Oddly enough, in India international pharmaceutical brands sell for less as well. One reason could be that India has not paid heed to pharmaceutical patency laws. “Indian companies could duplicate medications pretty much in a year after their release in western countries. Any medicine available for Rs.50 here in Pakistan may be available for Rs.10 across the border,” says Dr Hamid. “Of course, one has to have a sound scientific background to be able to do that. The Indians have used such opportunities to build up their pharmaceutical industries.”

And that is not all. Patients returning from India rave about the bedside manners of the Indian doctors and the medical staff. Many of those interviewed described them as “warm,” “humble” and “cooperative” and, at the same time, criticised the local doctors for their high-handedness and lack of interest. Simple gestures like visiting the patient everyday instead of sending a junior doctor, easy accessibility over the phone and via email, and no airs of protocol all endeared the Indian doctors to the Pakistani patients, who insisted that the ‘VIP’ treatment was not extended to them alone. It was a courtesy extended to all — Indians and foreigners alike.
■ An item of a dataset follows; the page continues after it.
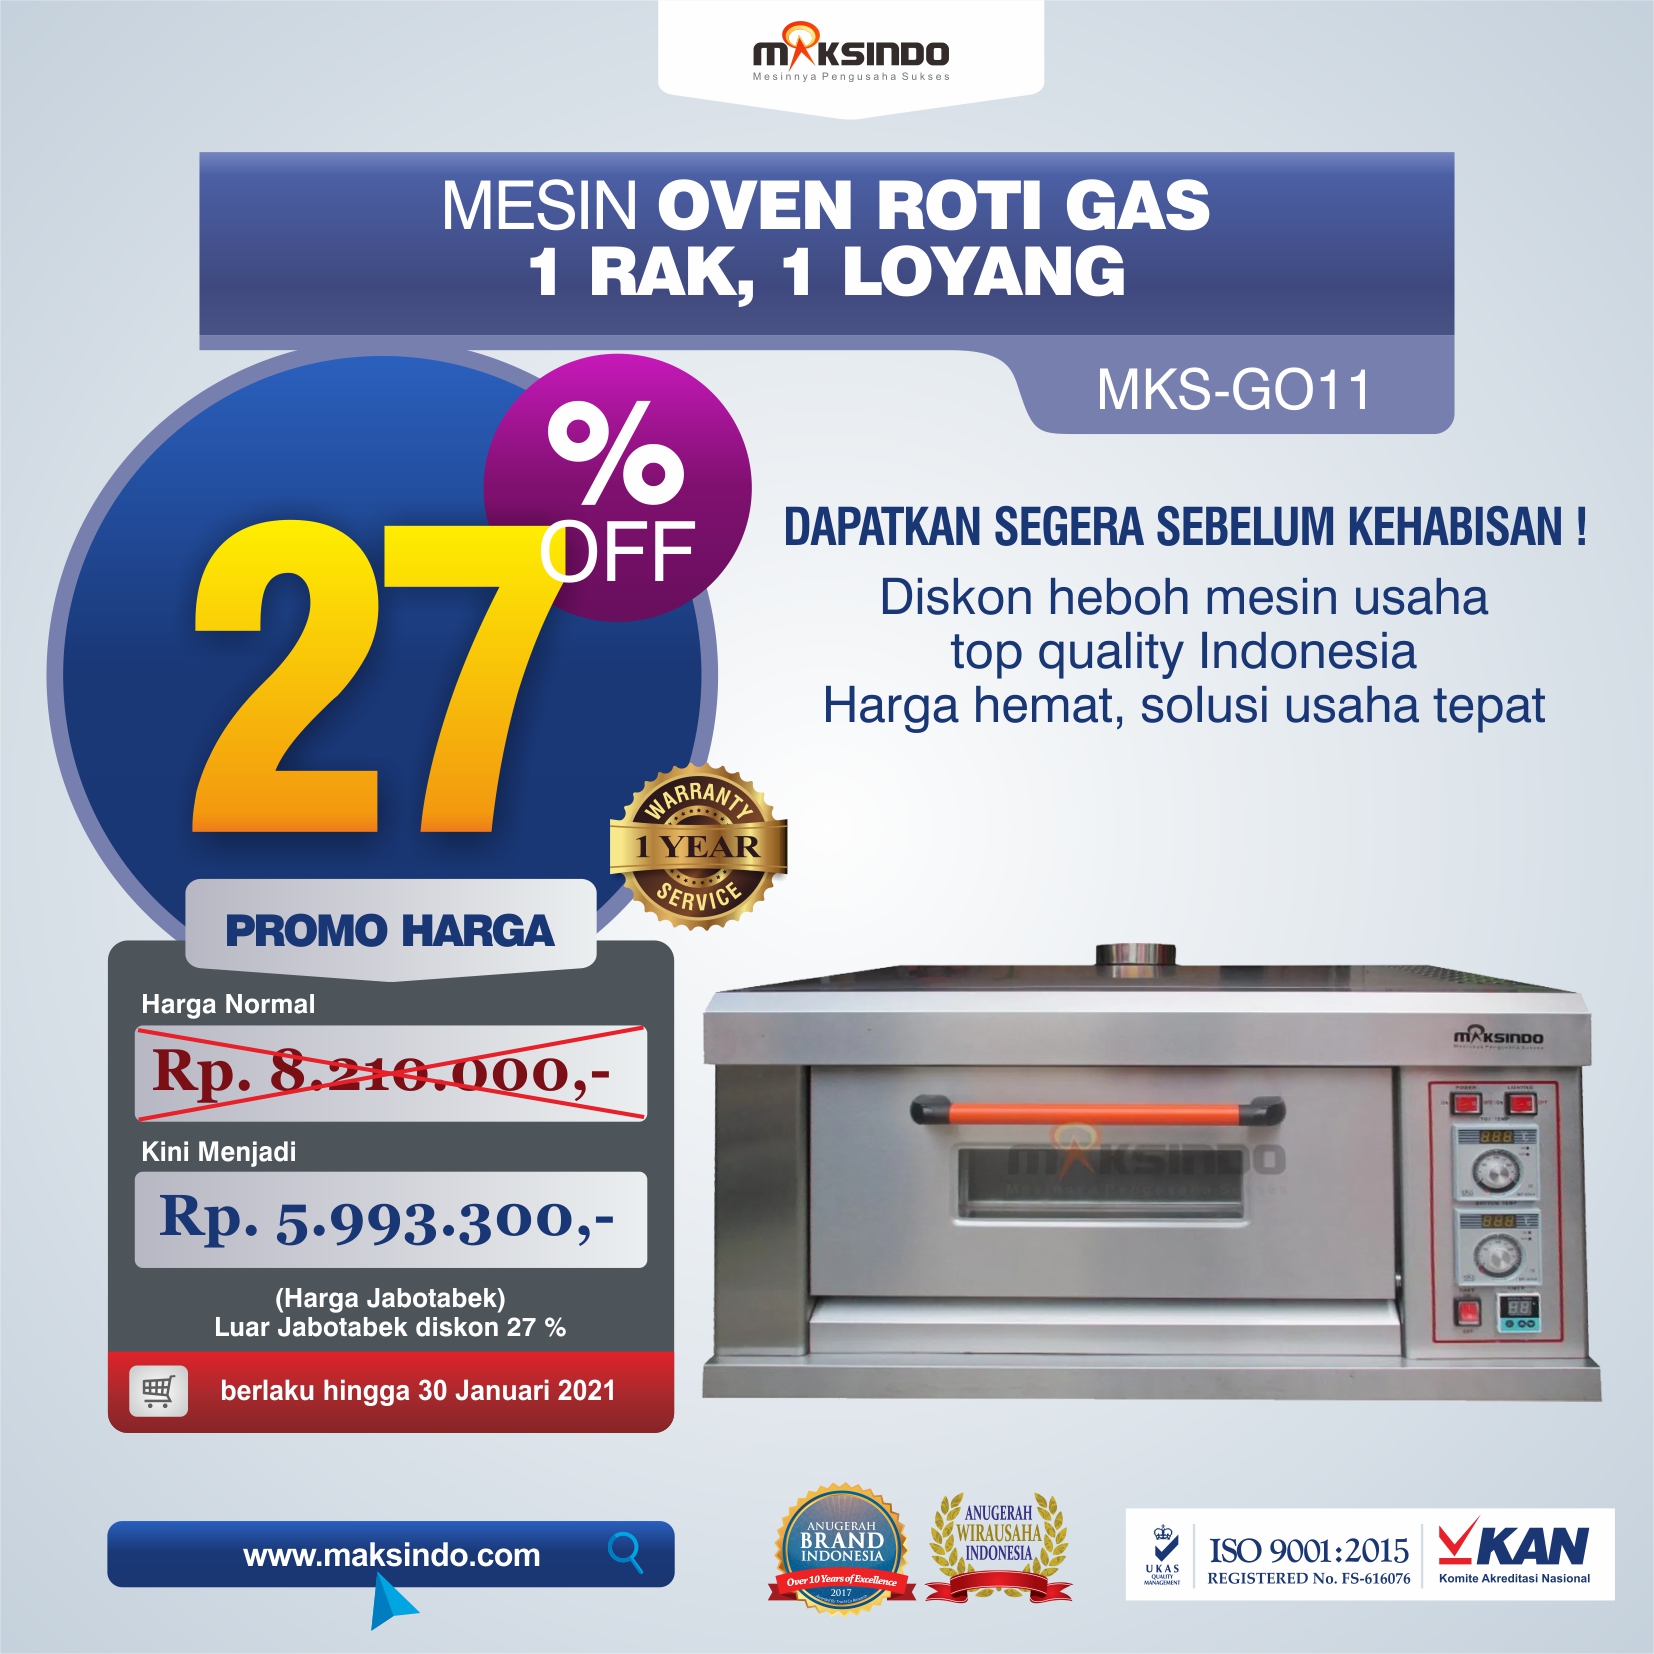 Jual Mesin Oven Roti Gas (MKS-GO11) di Semarang

With hundreds of cured and contented patients, many of them Pakistanis, returning to their countries with positive stories and impressions, medical tourism in India is fast gaining momentum as a full-fledged industry, and the prospects of India emerging as a major medical destination on the world map seem brighter than ever. And now with the mending of fences between the two countries and a relaxation in the stringent visa regimen, the flux of ailing Pakistanis will only grow with time.

Is our medical fraternity bracing itself for the competition?

“We are aware of the competition. We have no deficiencies,” says AKUH’s medical director, Dr Hamid. “And competition will only make us better.”

One hopes so. It’s time Pakistan’s medical practitioners took a leaf out of India’s success story in the medical field.

(Names of some patients and their family members have been changed to maintain their confidentiality.)